• Source material
——————

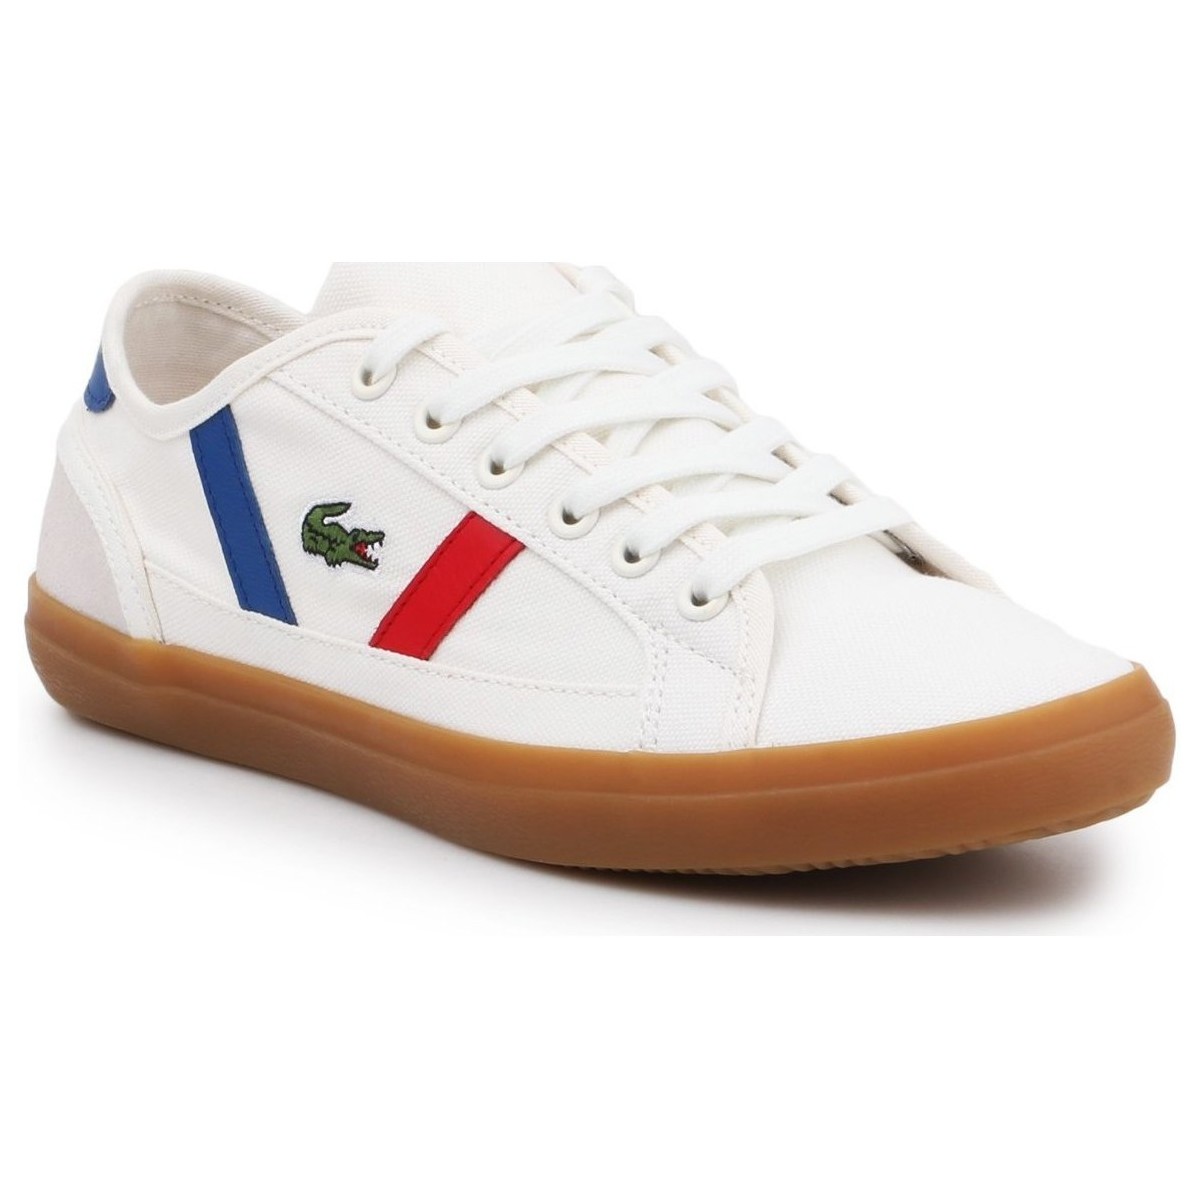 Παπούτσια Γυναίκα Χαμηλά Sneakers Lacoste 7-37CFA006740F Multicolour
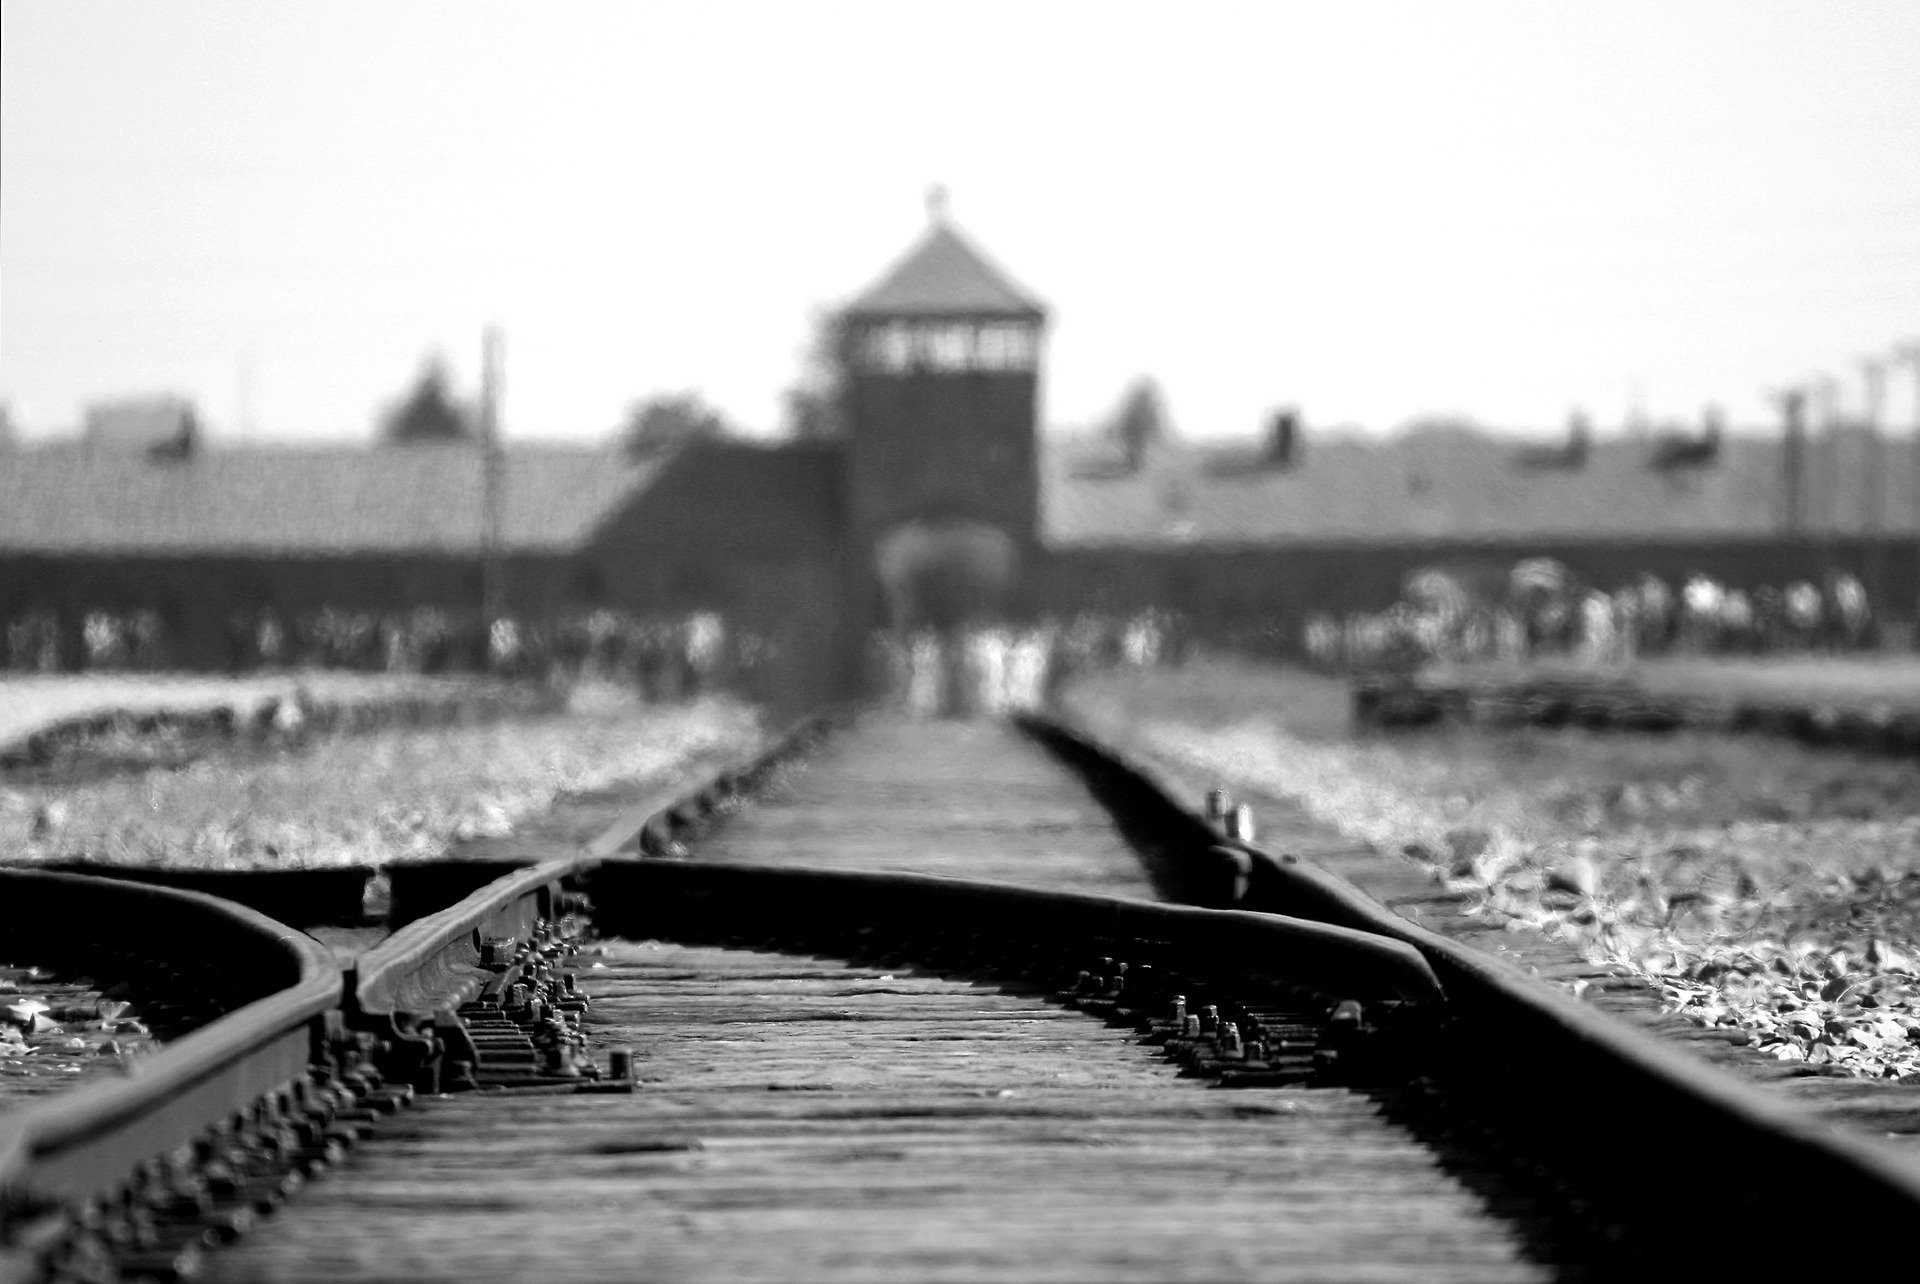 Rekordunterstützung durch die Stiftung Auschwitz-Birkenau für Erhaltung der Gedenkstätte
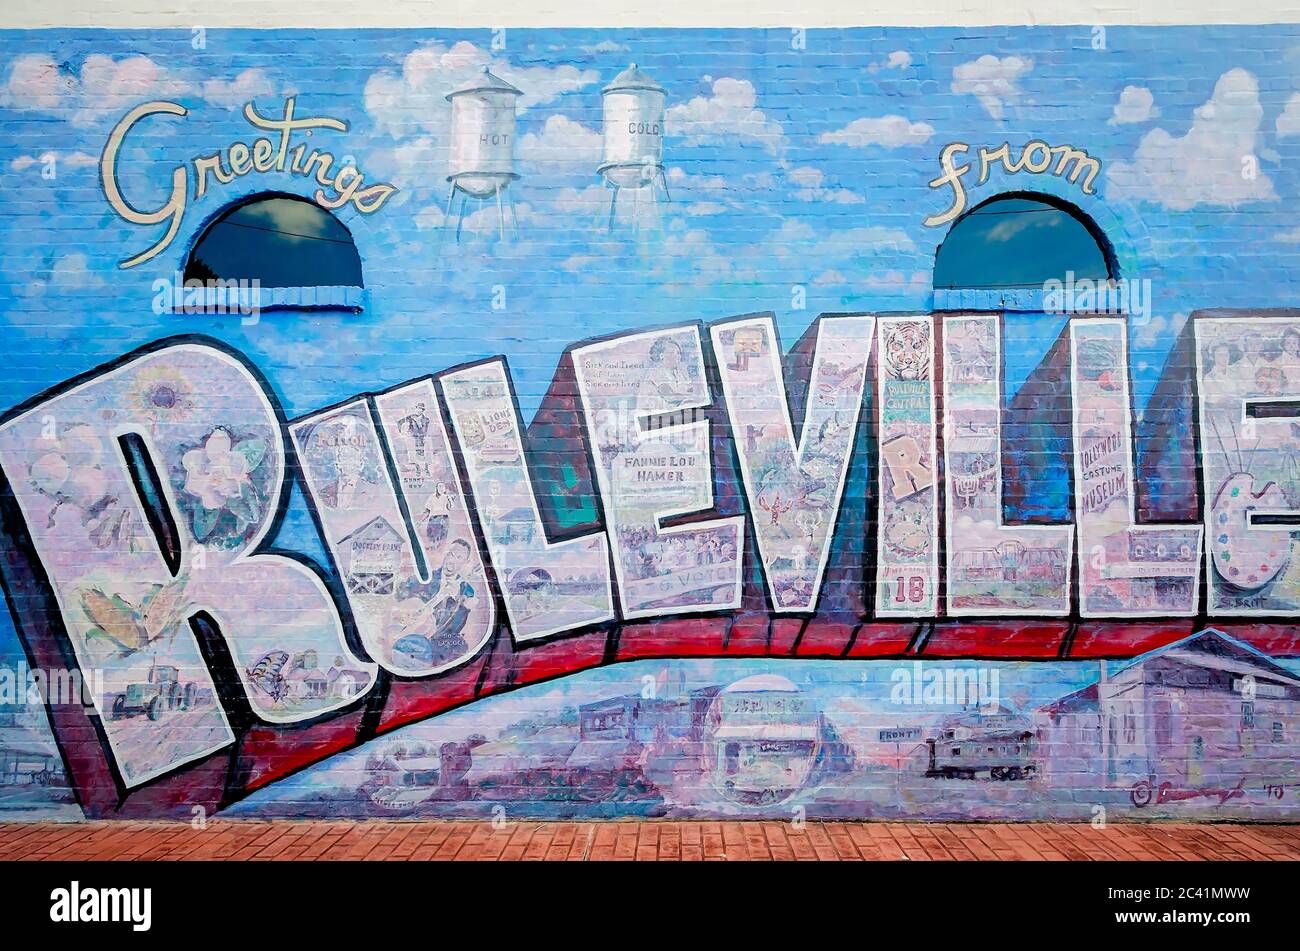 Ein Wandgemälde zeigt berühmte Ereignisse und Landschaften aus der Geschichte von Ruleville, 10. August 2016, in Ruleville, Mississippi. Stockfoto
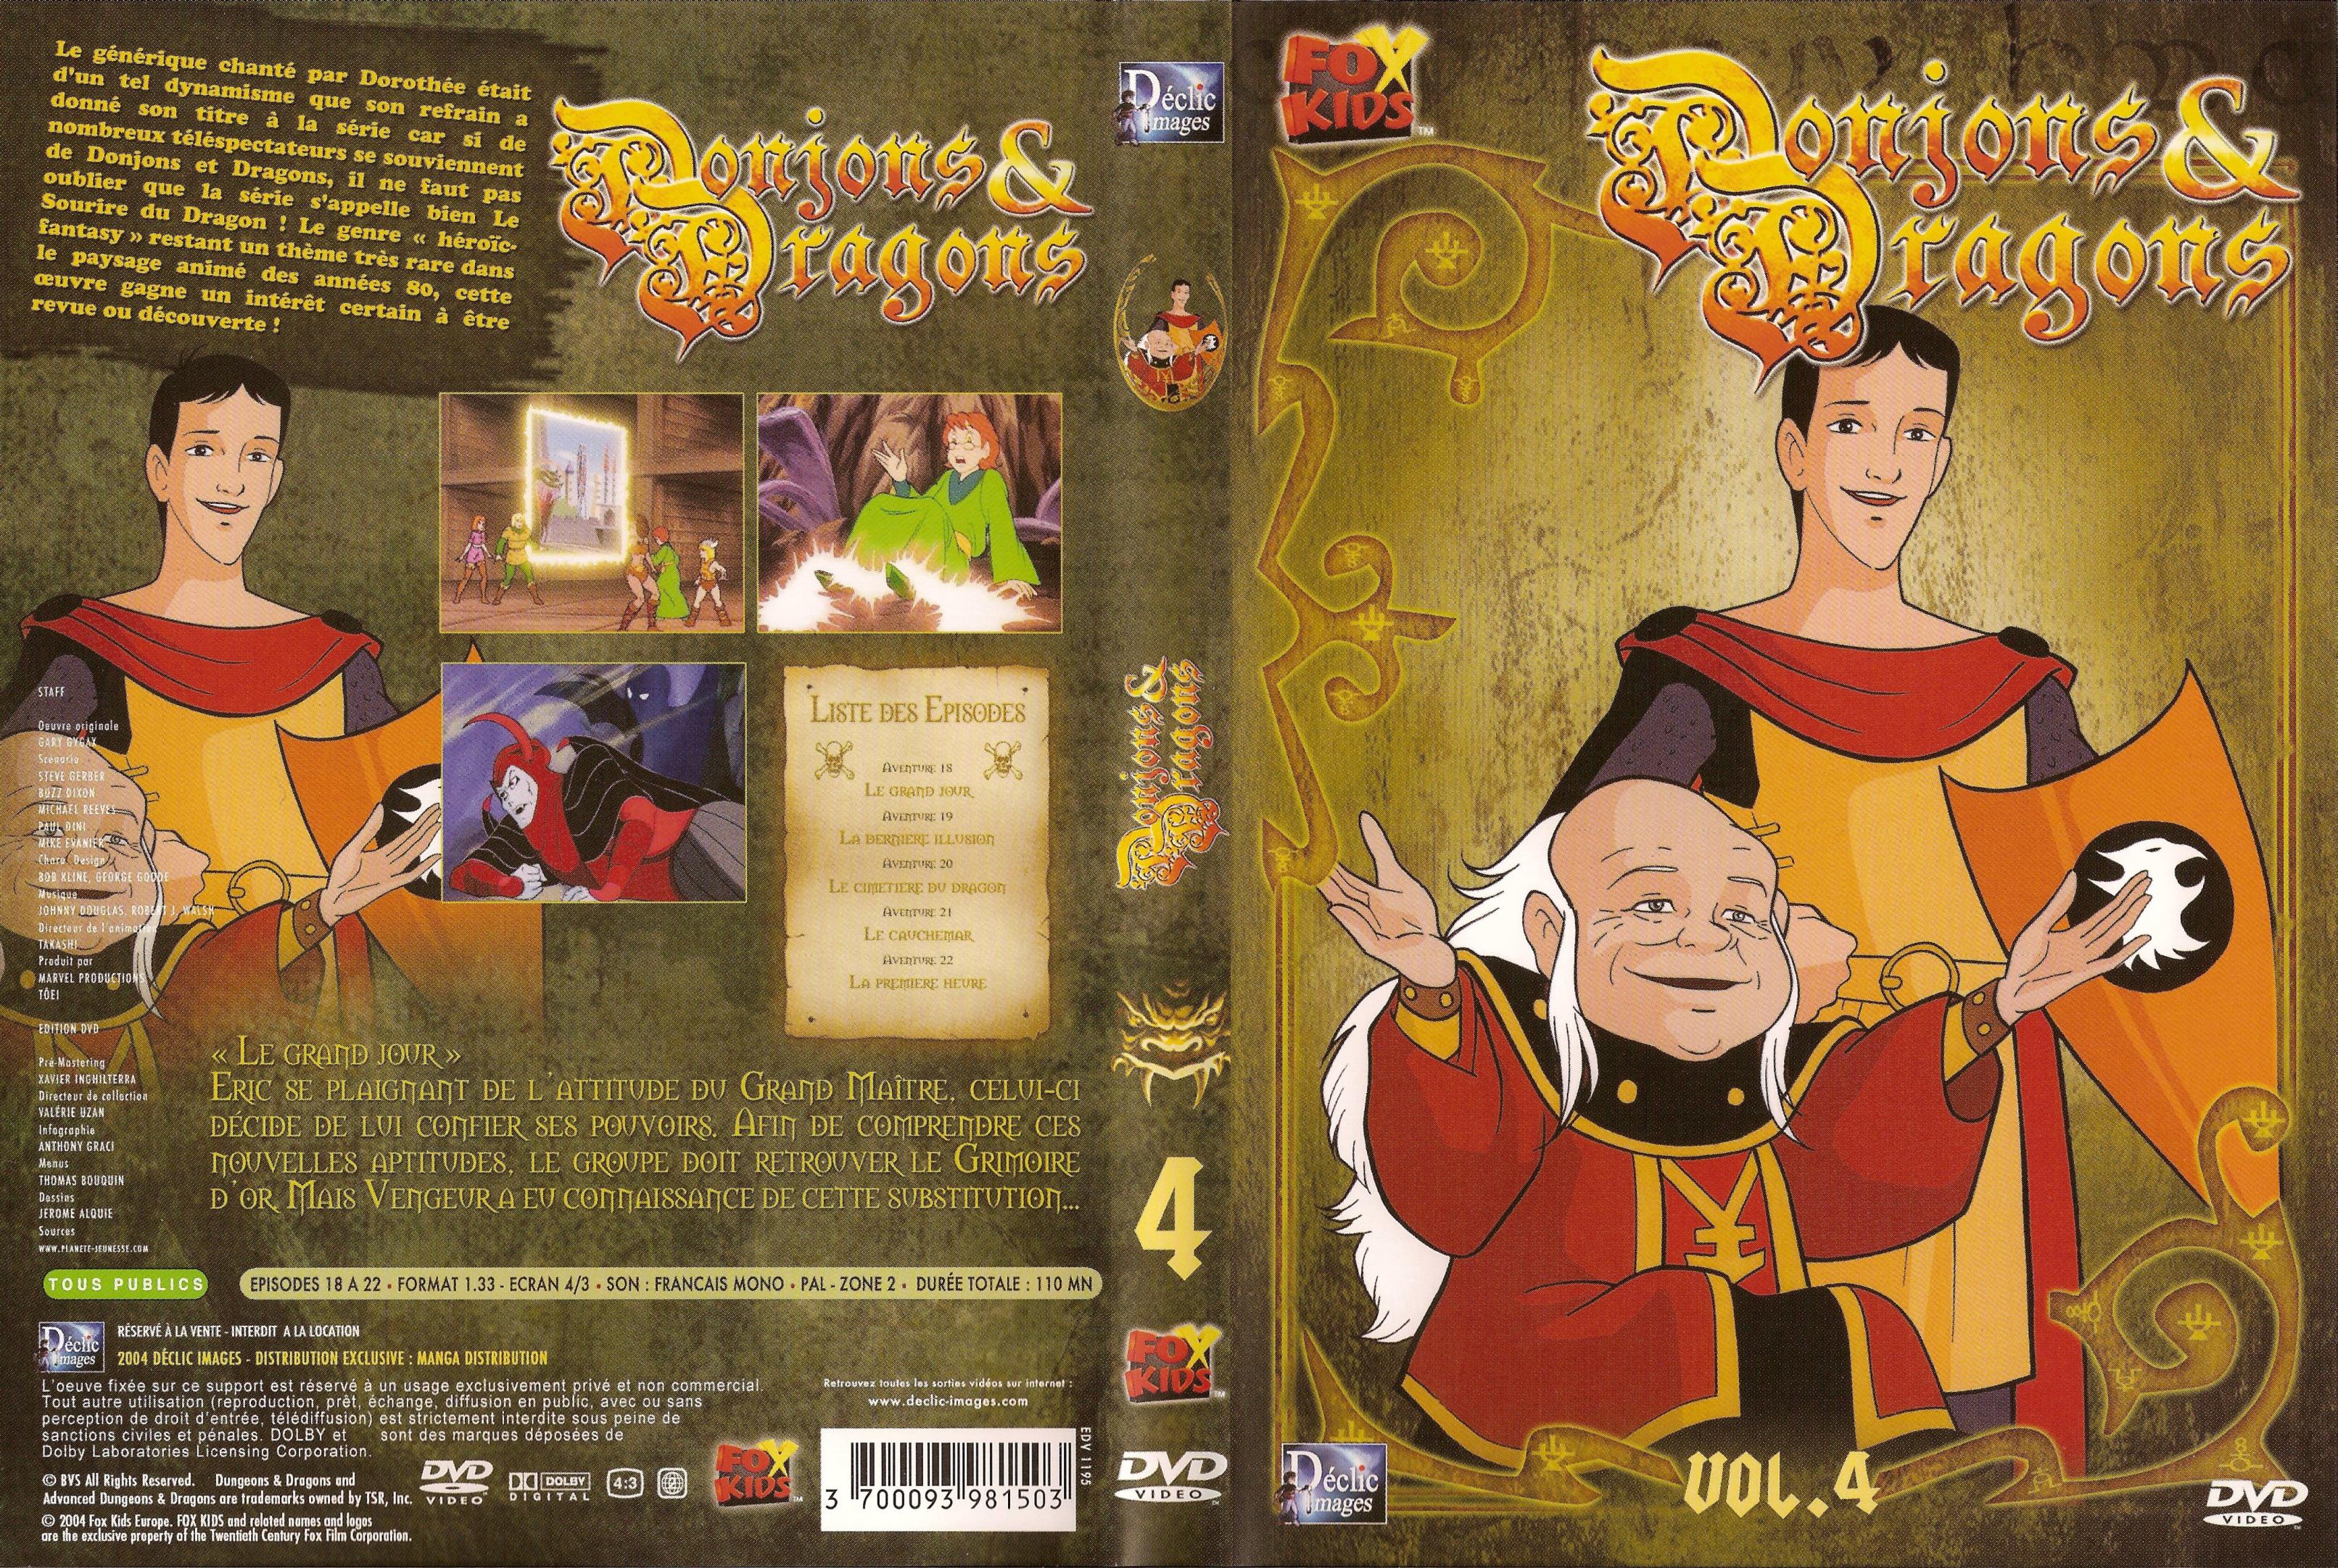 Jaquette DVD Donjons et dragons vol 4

——————

• Exercise directions
All that is wanted is the lines from the one holding "Rekordunterstützung durch die" through the end of the material, duplicated exactly, with no pictures.

• Solution to this problem
 Rekordunterstützung durch die Stiftung Auschwitz-Birkenau für Erhaltung der Gedenkstätte
 Ein Wandgemälde zeigt berühmte Ereignisse und Landschaften aus der Geschichte von Ruleville, 10. August 2016, in Ruleville, Mississippi. Stockfoto
 Jaquette DVD Donjons et dragons vol 4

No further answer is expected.